- [Directions] Output only the lines below from the one holding "صورة بعنوان كاتدرائية" down to the one holding "Gehirn im Sagittalschnitt", both end lines included and every picture dropped.

- [Data for the task]
____________

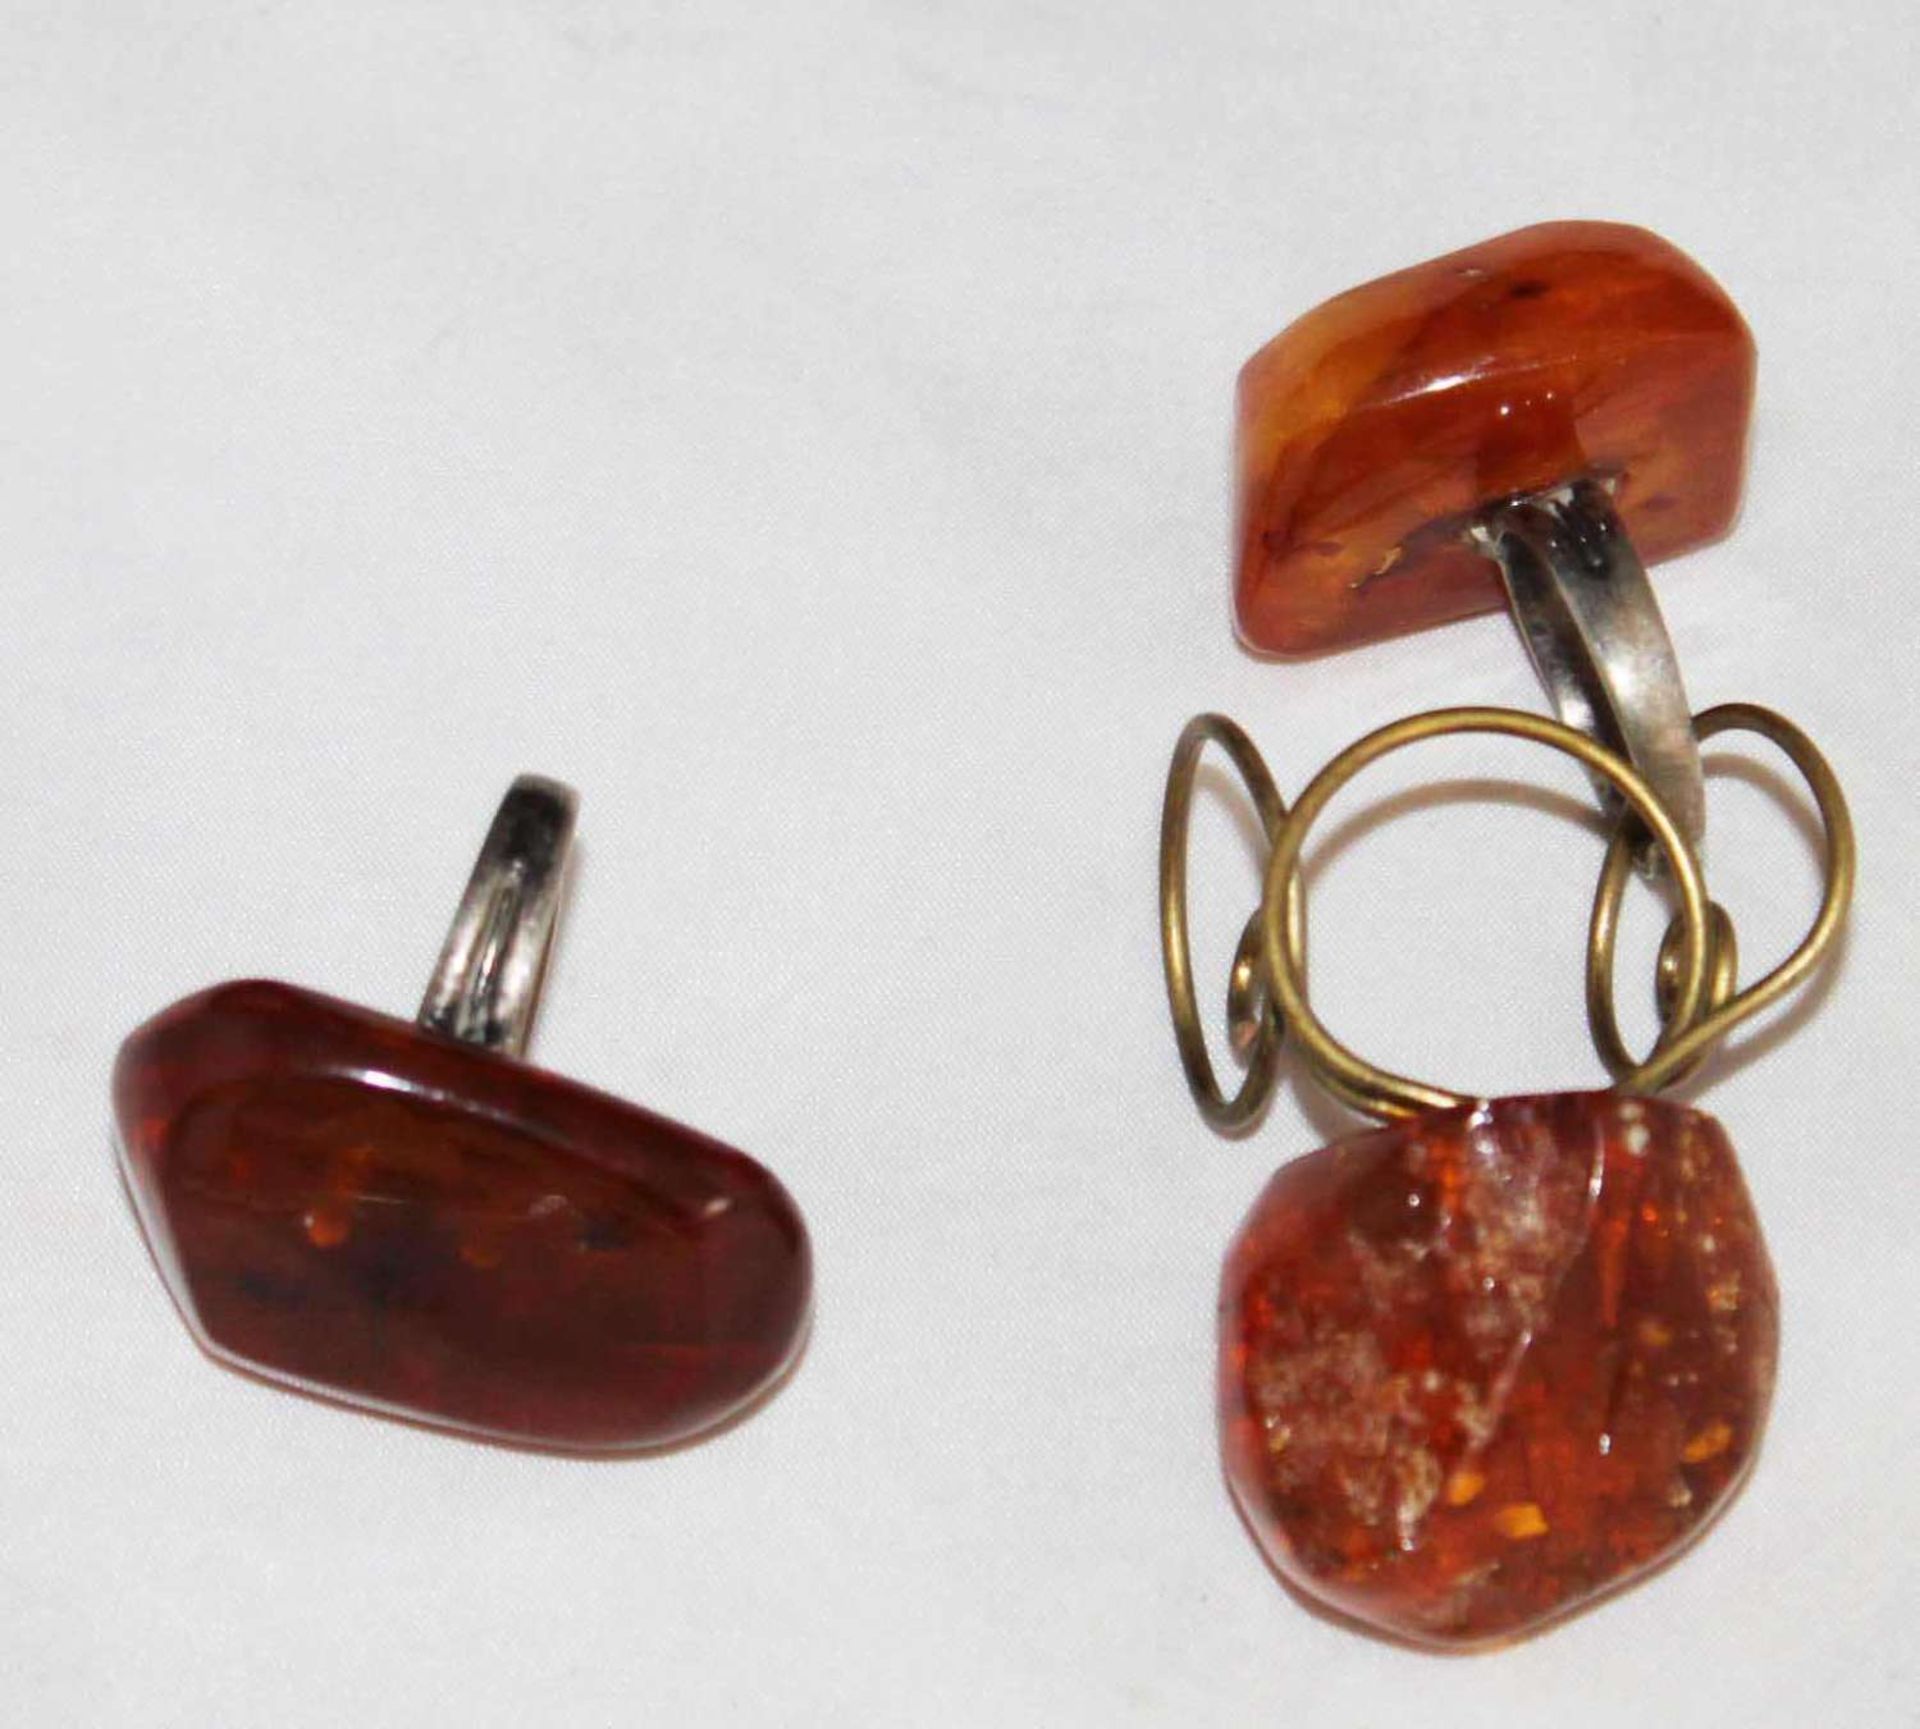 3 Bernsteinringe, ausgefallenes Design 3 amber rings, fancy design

____________

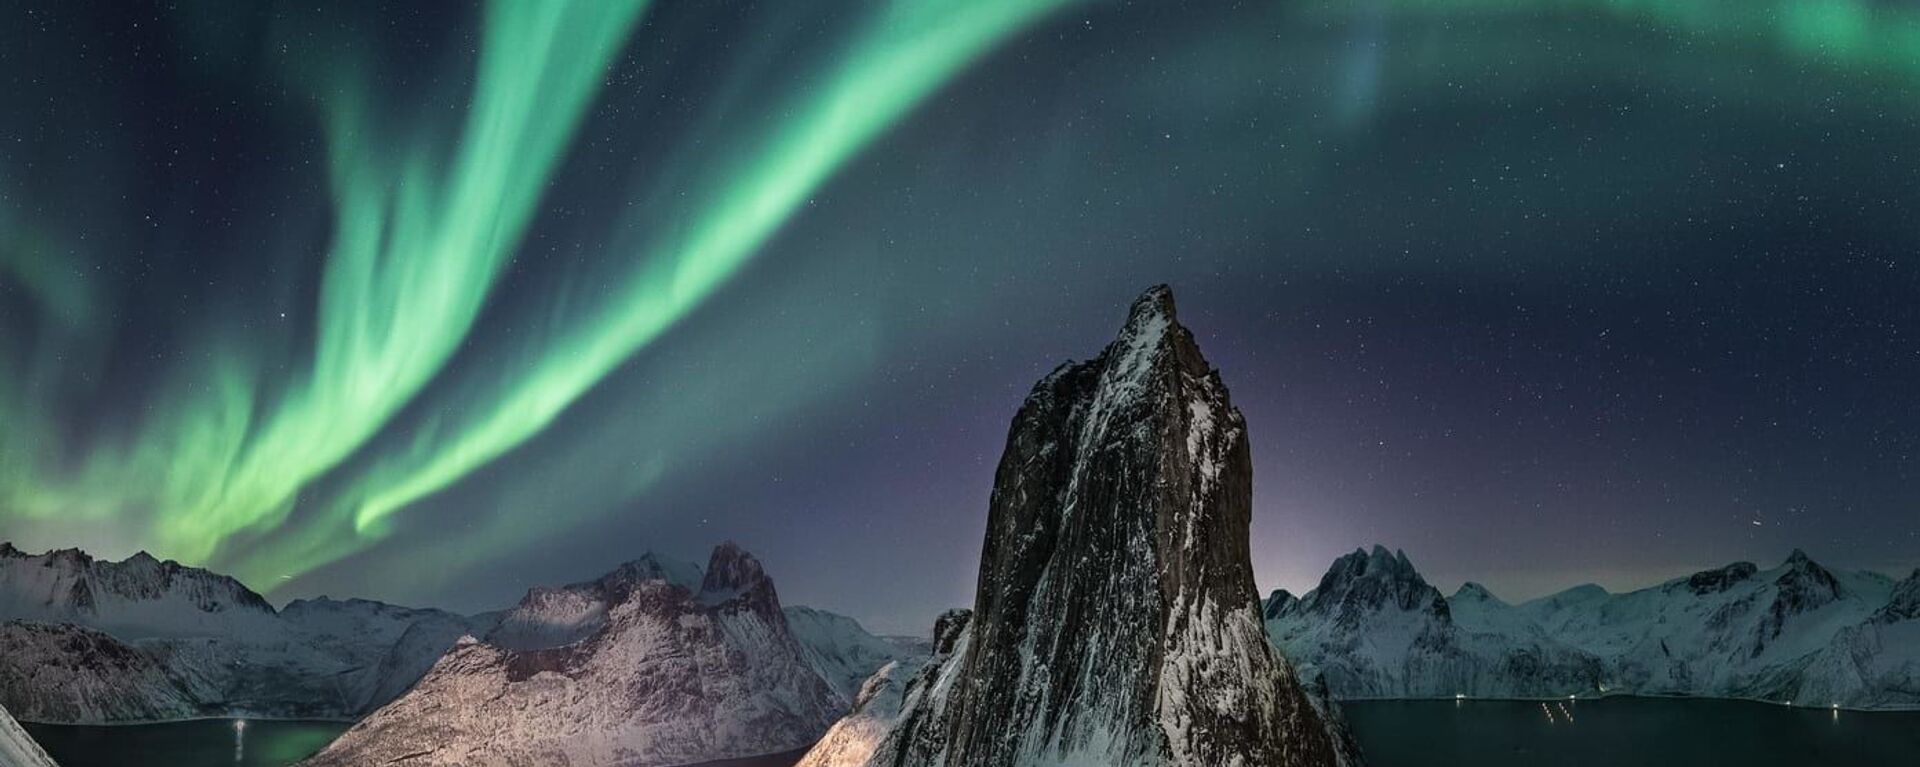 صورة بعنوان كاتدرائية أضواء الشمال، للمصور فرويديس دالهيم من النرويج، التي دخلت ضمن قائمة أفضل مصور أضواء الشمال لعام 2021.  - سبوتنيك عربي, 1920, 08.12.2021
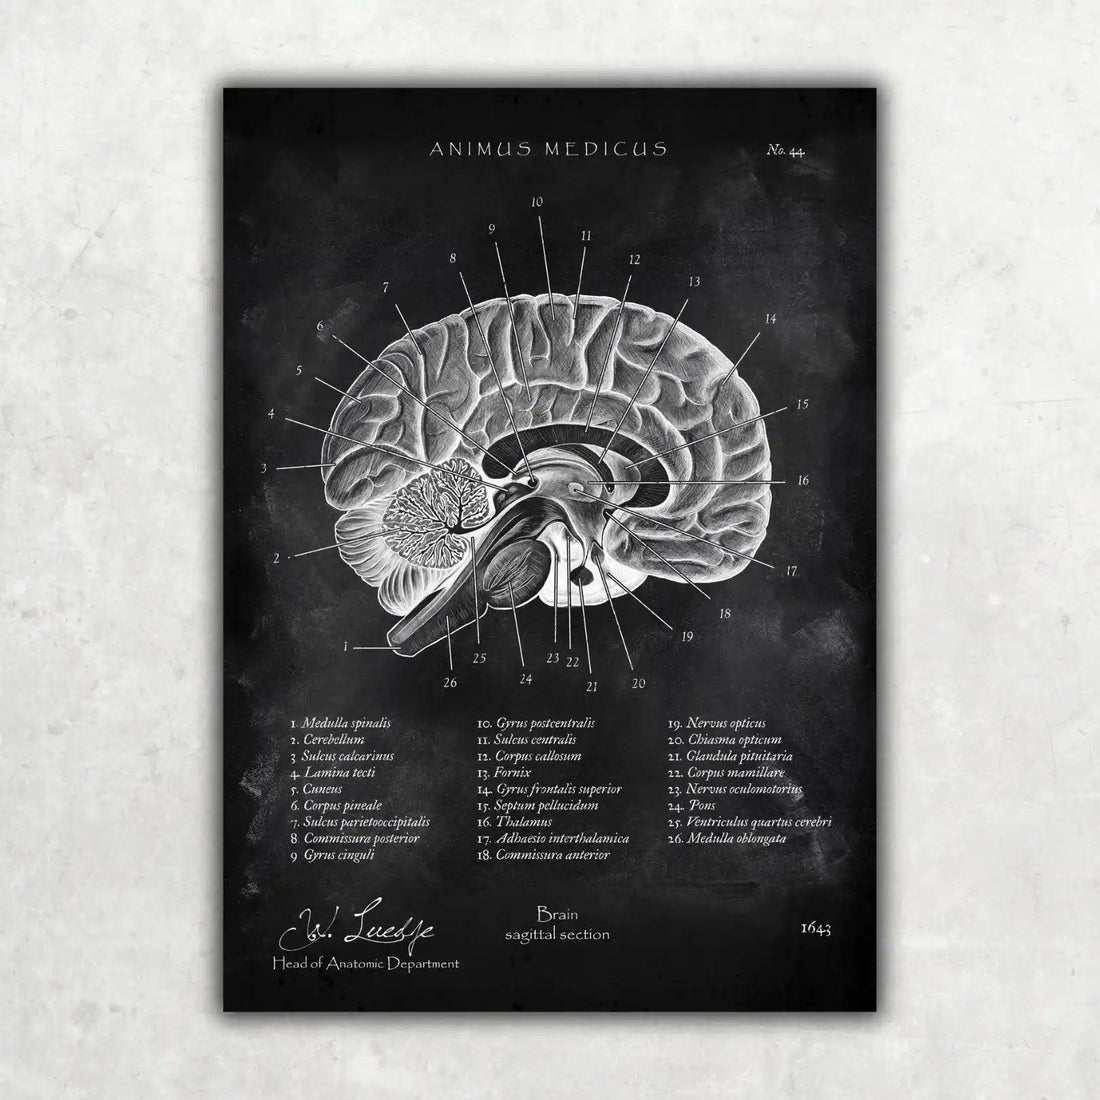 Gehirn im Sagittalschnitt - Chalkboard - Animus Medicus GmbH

____________

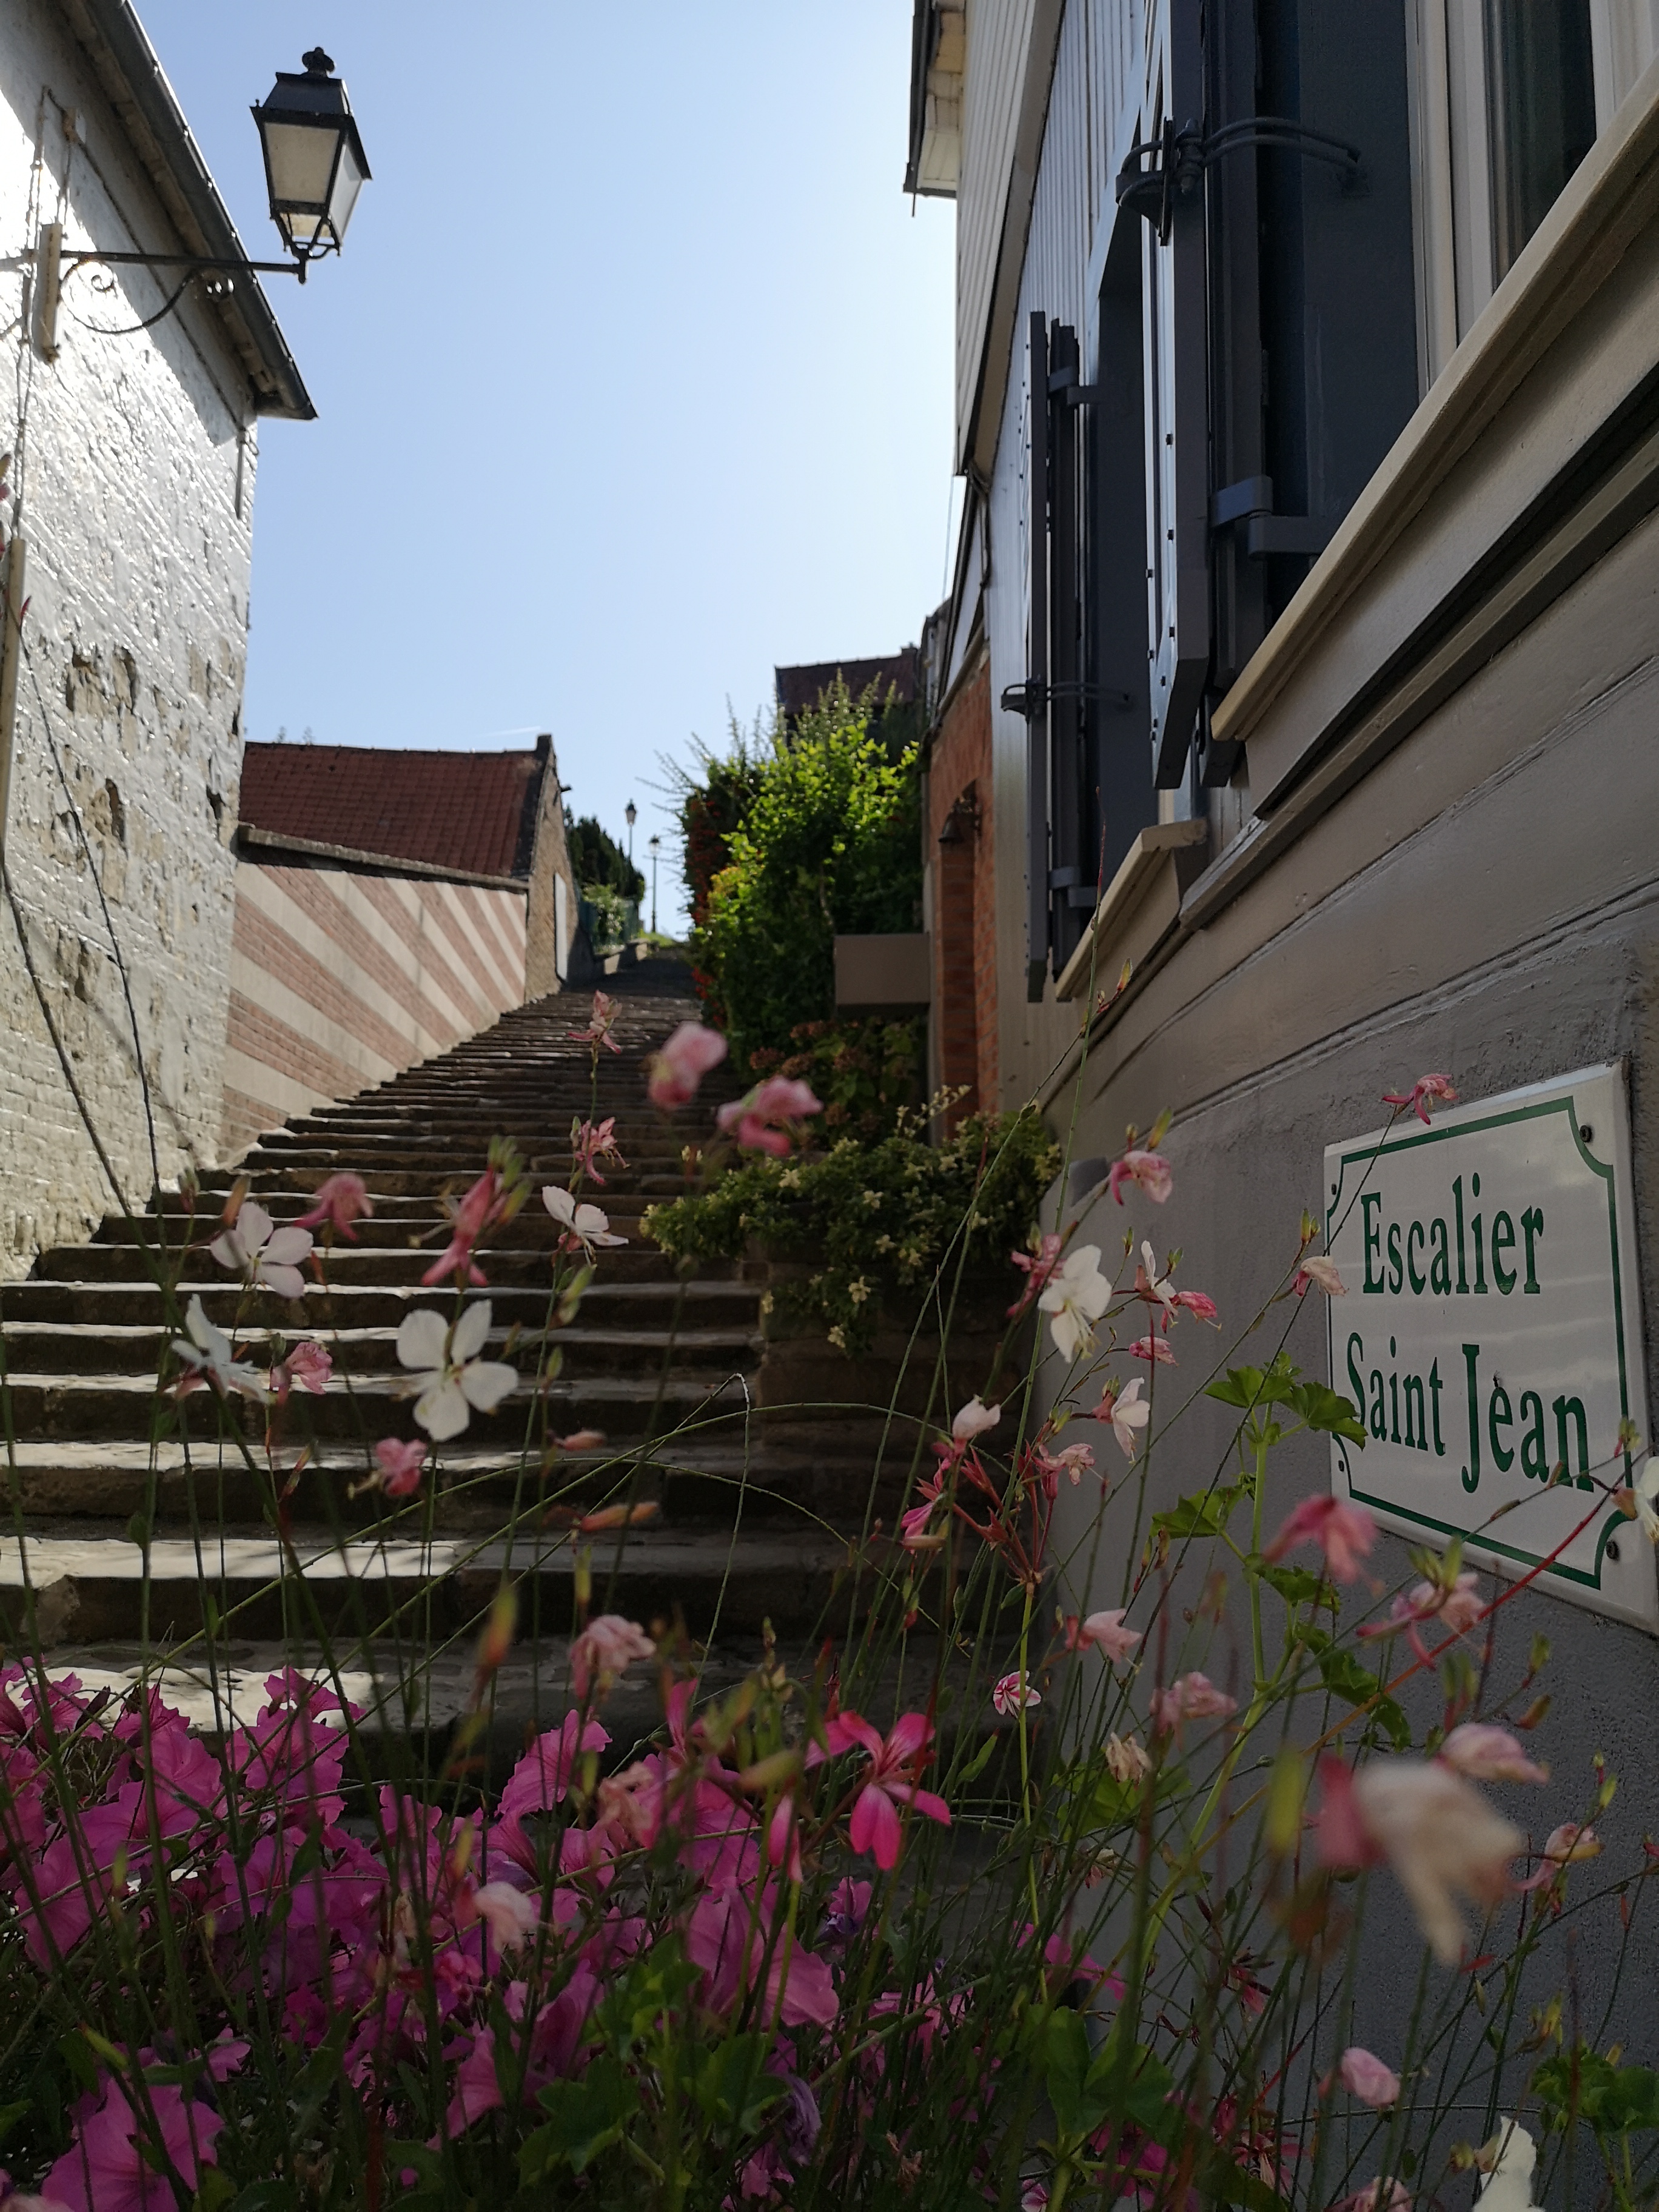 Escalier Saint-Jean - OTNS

____________

- [Completed task]
 صورة بعنوان كاتدرائية أضواء الشمال، للمصور فرويديس دالهيم من النرويج، التي دخلت ضمن قائمة أفضل مصور أضواء الشمال لعام 2021.  - سبوتنيك عربي, 1920, 08.12.2021
 Gehirn im Sagittalschnitt - Chalkboard - Animus Medicus GmbH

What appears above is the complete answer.